* [WHAT YOU NEED TO DO] Give the data below again exactly as it stands. Omit the pictures.

* [DATA BELOW]
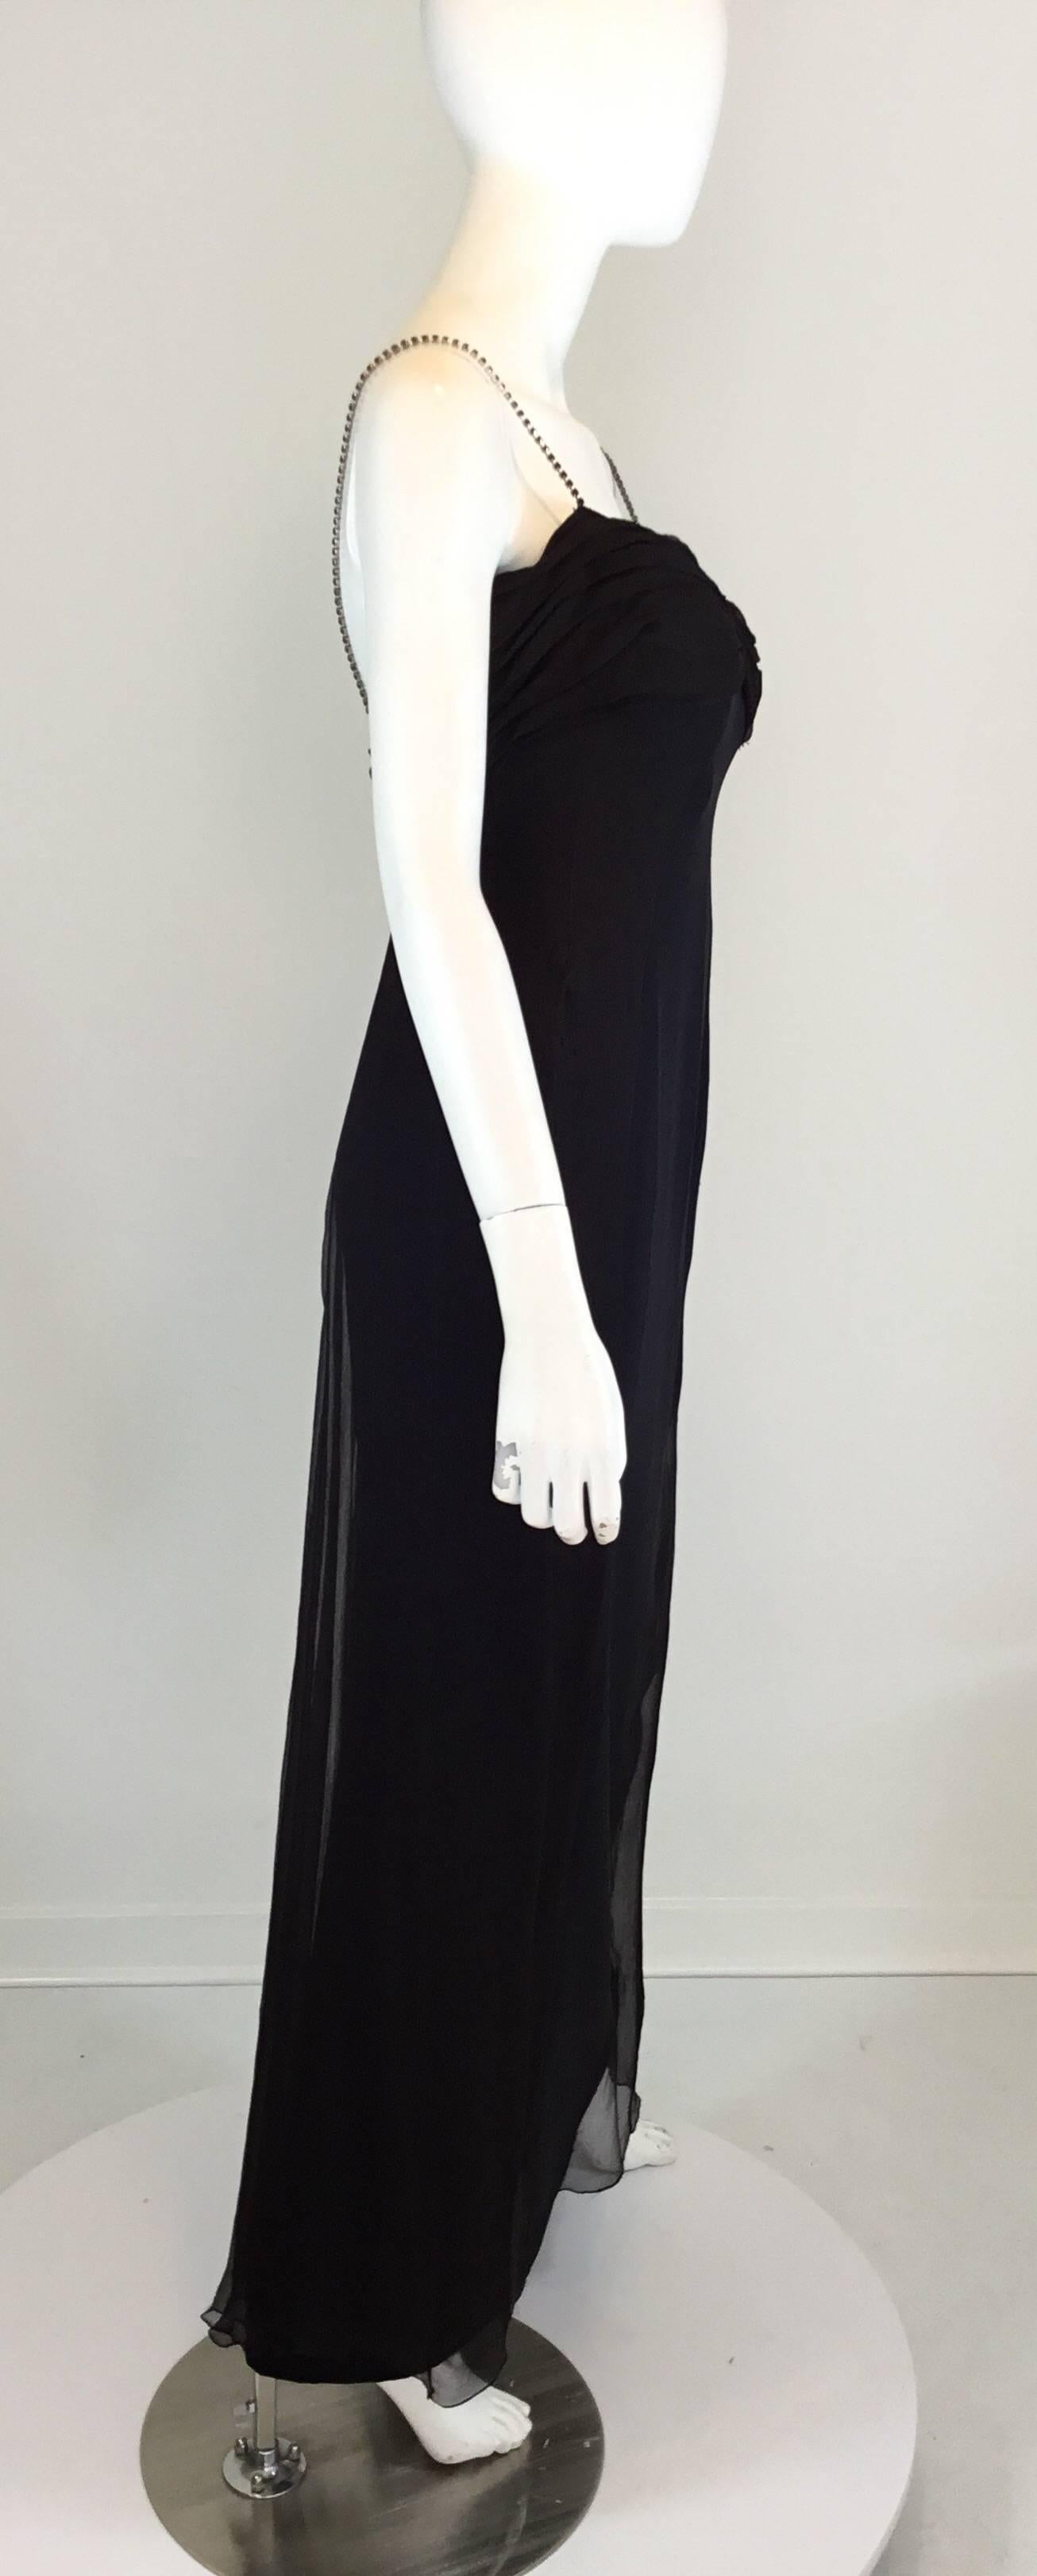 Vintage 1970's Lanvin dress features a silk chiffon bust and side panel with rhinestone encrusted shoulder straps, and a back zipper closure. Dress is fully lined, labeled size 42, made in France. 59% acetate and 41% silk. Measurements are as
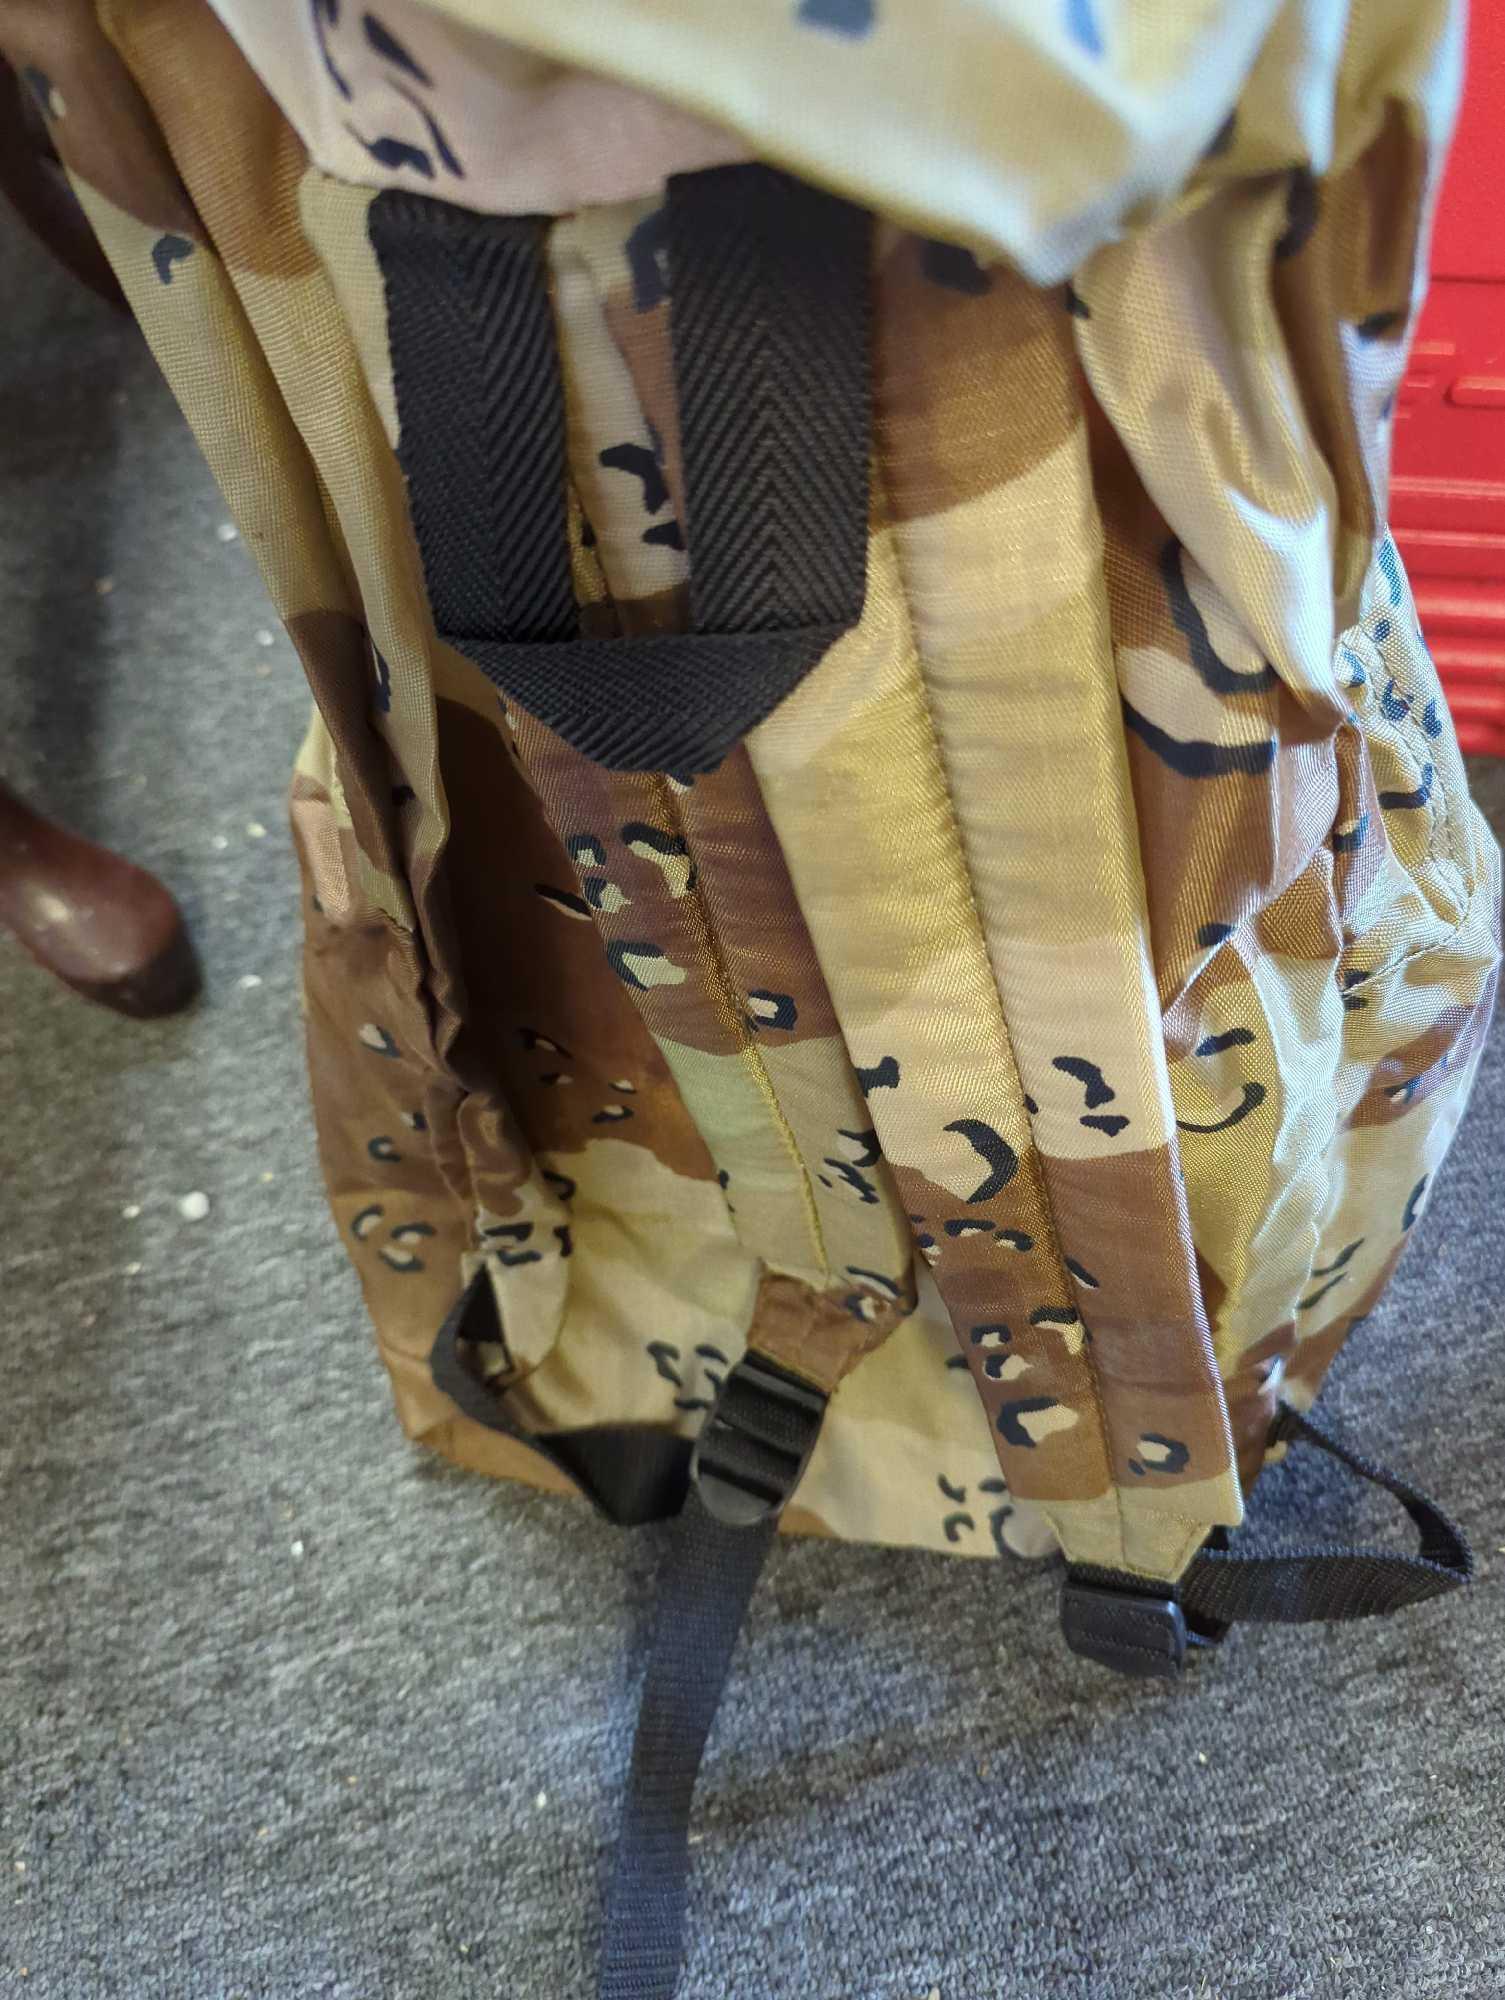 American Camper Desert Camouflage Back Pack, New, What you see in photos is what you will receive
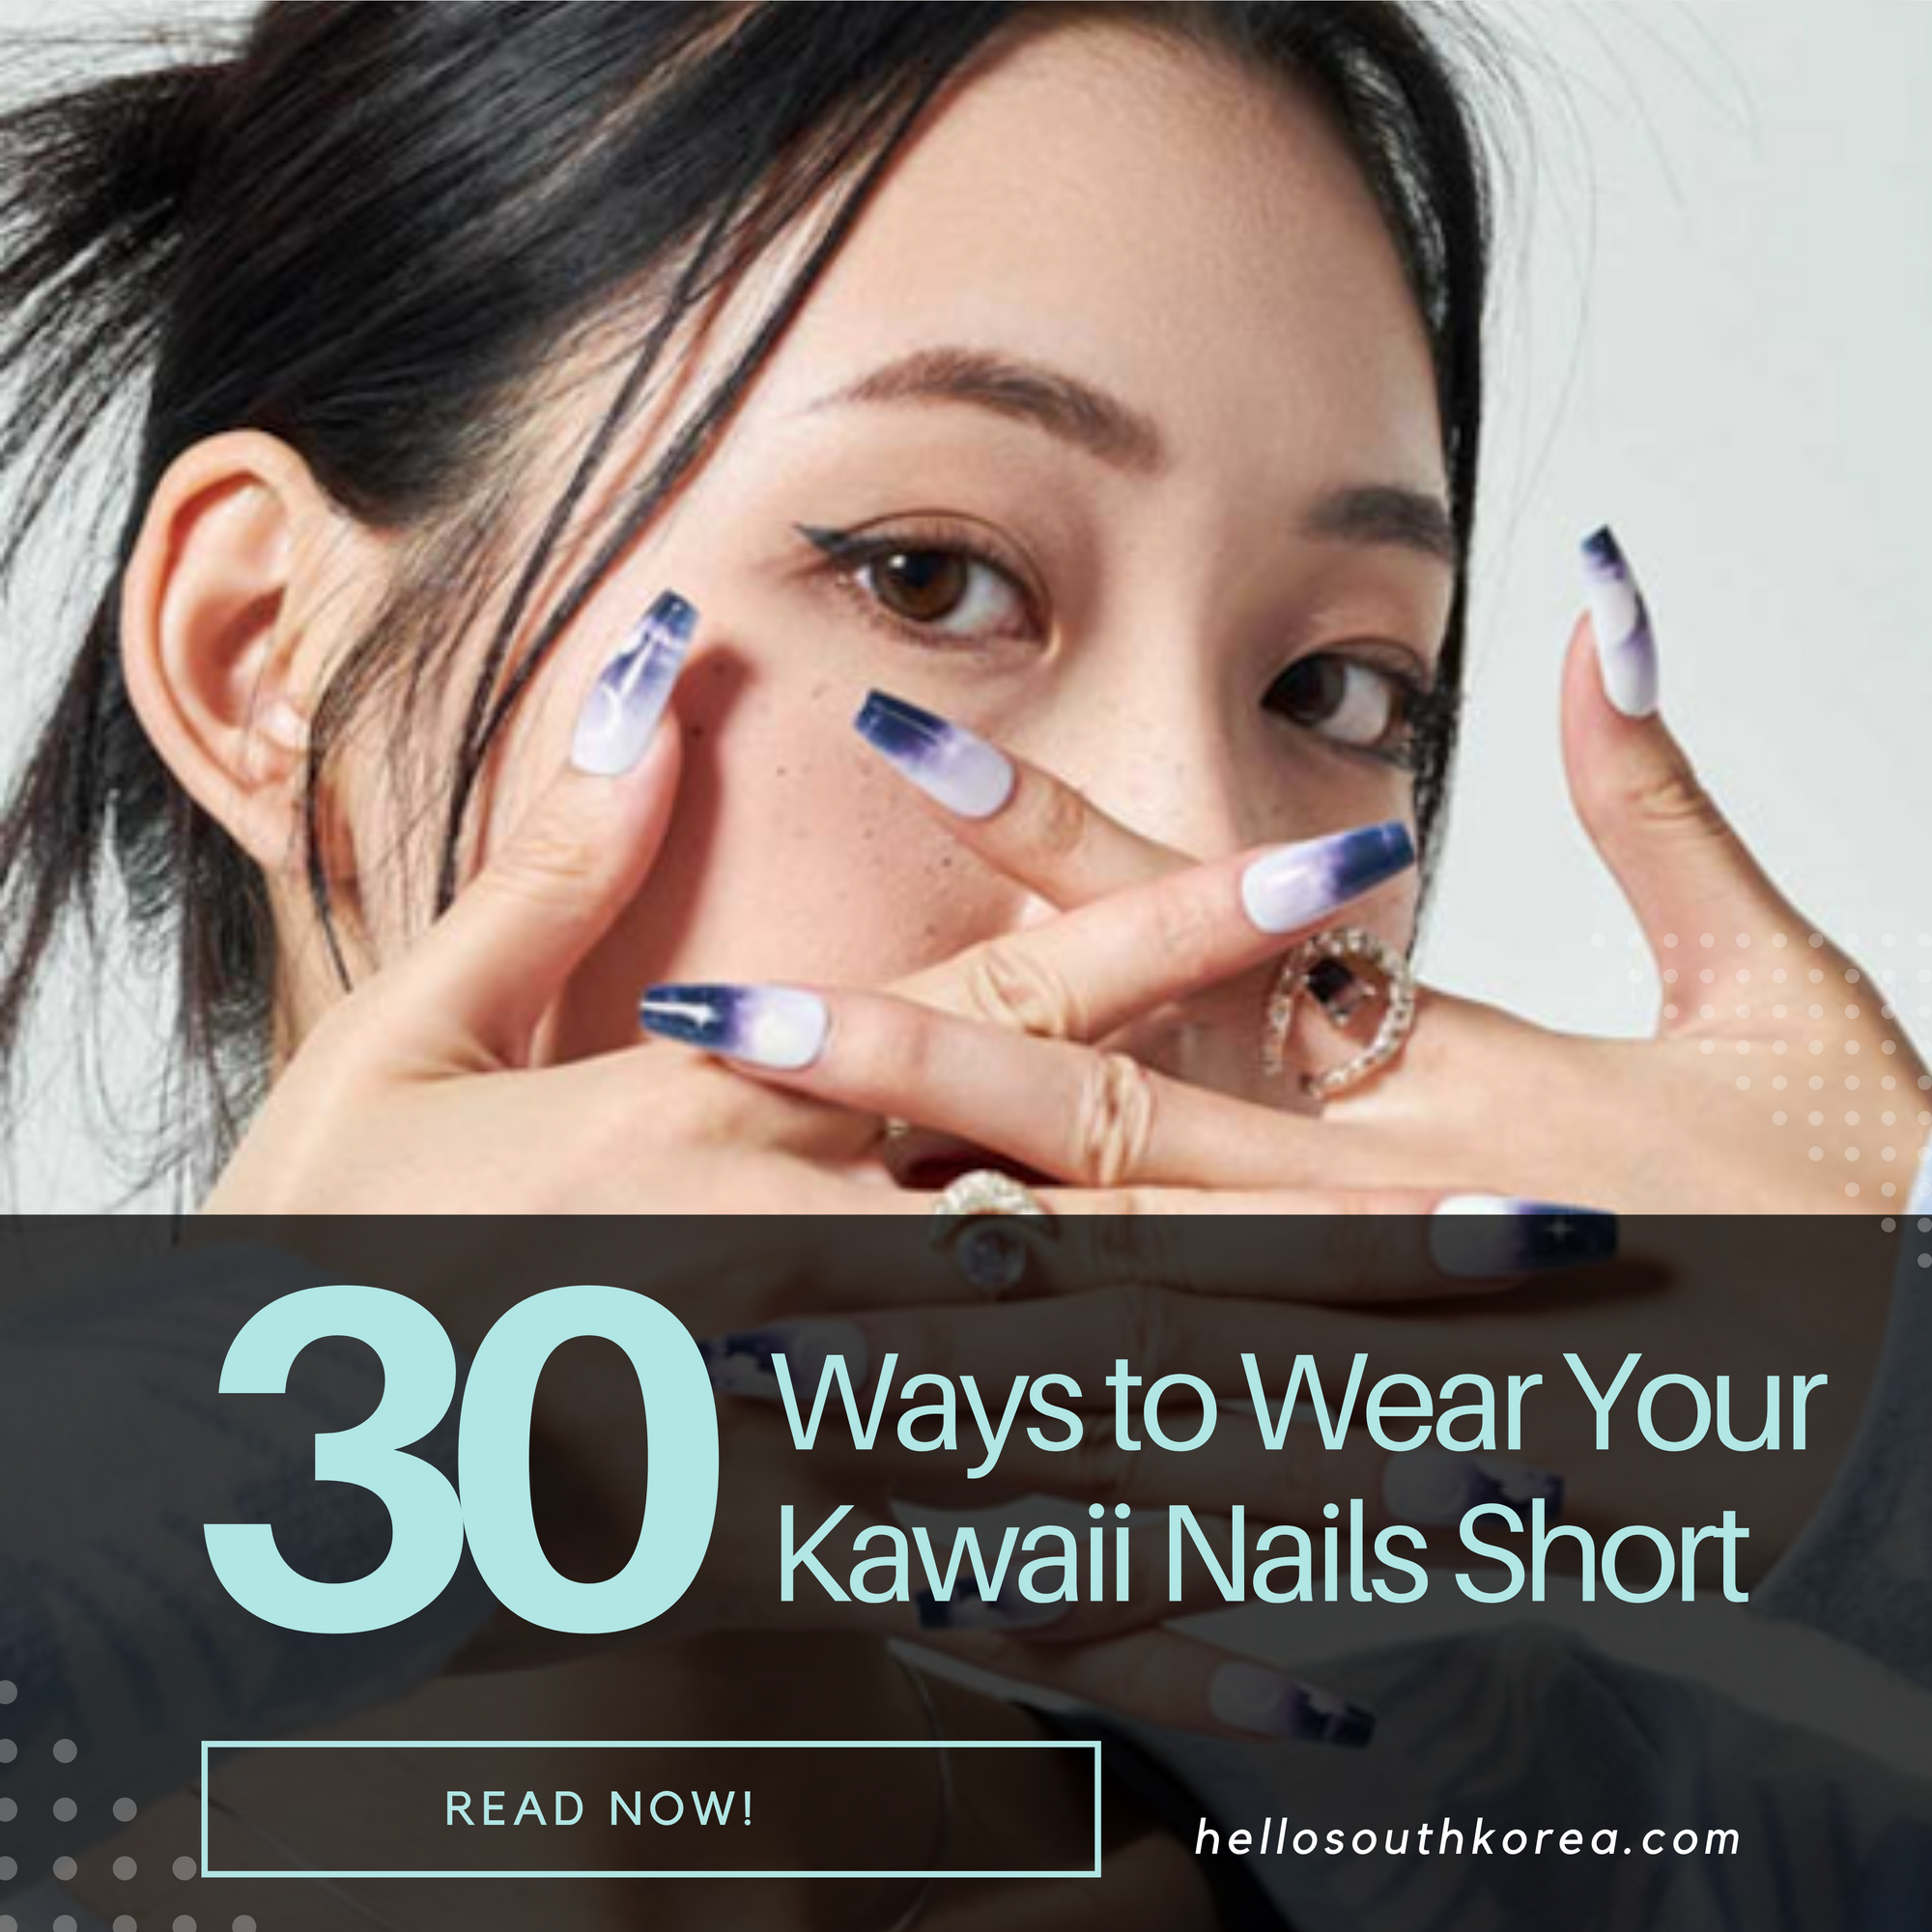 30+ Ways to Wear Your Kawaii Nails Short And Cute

* [SOLUTION TO THIS TASK]
 Vintage 1970's Lanvin dress features a silk chiffon bust and side panel with rhinestone encrusted shoulder straps, and a back zipper closure. Dress is fully lined, labeled size 42, made in France. 59% acetate and 41% silk. Measurements are as
 American Camper Desert Camouflage Back Pack, New, What you see in photos is what you will receive
 30+ Ways to Wear Your Kawaii Nails Short And Cute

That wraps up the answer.